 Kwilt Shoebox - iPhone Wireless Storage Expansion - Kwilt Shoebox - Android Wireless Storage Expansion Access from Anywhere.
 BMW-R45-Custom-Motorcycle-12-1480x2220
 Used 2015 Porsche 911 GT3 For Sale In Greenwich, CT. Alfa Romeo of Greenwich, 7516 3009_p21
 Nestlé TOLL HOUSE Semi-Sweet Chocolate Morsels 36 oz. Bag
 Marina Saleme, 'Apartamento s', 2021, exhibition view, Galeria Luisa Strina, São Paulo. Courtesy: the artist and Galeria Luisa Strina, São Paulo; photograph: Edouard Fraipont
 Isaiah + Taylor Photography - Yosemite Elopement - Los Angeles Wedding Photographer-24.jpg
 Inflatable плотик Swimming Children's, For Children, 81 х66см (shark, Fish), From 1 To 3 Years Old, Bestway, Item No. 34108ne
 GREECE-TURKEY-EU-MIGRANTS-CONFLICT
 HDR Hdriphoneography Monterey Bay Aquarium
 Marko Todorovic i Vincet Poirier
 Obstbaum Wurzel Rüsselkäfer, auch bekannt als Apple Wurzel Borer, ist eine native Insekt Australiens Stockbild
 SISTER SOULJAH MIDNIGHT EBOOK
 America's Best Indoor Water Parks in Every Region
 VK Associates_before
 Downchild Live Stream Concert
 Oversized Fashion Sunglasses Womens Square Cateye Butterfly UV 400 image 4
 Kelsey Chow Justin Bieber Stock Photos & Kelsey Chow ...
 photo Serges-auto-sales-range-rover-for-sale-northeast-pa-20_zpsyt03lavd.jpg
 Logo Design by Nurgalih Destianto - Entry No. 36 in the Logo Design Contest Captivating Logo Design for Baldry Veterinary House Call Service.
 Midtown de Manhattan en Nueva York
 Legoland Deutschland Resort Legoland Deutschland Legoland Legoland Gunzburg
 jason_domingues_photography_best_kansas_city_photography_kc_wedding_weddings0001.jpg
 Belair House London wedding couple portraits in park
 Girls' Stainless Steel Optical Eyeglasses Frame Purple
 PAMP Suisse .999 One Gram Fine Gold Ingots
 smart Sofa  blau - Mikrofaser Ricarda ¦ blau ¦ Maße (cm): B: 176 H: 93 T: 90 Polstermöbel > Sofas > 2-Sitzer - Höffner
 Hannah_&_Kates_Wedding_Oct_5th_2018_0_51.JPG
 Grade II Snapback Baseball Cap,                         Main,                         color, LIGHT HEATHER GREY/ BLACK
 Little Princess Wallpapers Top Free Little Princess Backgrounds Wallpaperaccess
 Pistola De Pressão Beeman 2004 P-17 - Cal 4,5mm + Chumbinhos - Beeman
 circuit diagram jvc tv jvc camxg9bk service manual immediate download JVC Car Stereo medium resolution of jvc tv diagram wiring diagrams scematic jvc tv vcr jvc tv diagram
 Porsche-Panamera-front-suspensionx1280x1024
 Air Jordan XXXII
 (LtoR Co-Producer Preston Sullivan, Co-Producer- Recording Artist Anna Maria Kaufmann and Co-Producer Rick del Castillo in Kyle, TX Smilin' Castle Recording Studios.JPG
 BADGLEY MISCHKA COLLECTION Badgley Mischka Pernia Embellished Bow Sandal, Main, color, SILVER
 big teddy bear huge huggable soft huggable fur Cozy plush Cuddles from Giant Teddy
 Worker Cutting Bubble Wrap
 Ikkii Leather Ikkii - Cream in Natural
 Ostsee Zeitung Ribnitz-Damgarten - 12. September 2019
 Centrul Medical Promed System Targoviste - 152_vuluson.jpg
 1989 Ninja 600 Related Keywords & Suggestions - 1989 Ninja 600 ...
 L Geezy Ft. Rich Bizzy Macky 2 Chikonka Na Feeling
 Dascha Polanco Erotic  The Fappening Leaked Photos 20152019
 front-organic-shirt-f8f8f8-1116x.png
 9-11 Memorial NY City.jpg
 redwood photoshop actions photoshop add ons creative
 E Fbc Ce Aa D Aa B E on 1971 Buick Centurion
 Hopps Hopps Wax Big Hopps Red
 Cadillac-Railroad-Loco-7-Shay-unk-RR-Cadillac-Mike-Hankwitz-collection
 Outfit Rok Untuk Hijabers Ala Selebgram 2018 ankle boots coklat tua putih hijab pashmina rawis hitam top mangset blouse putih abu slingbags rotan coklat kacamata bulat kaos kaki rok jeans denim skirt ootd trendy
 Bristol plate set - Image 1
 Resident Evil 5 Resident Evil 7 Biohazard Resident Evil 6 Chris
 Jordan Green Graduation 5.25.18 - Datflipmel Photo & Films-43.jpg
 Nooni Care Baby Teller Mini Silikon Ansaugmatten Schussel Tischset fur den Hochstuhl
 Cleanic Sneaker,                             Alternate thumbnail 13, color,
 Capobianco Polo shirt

####################

Beginning at the first line of the records, give again each line exactly as written, ending with the line that contains "Marina Saleme, 'Apartamento".

> _Answer to the exercise_
 Kwilt Shoebox - iPhone Wireless Storage Expansion - Kwilt Shoebox - Android Wireless Storage Expansion Access from Anywhere.
 BMW-R45-Custom-Motorcycle-12-1480x2220
 Used 2015 Porsche 911 GT3 For Sale In Greenwich, CT. Alfa Romeo of Greenwich, 7516 3009_p21
 Nestlé TOLL HOUSE Semi-Sweet Chocolate Morsels 36 oz. Bag
 Marina Saleme, 'Apartamento s', 2021, exhibition view, Galeria Luisa Strina, São Paulo. Courtesy: the artist and Galeria Luisa Strina, São Paulo; photograph: Edouard Fraipont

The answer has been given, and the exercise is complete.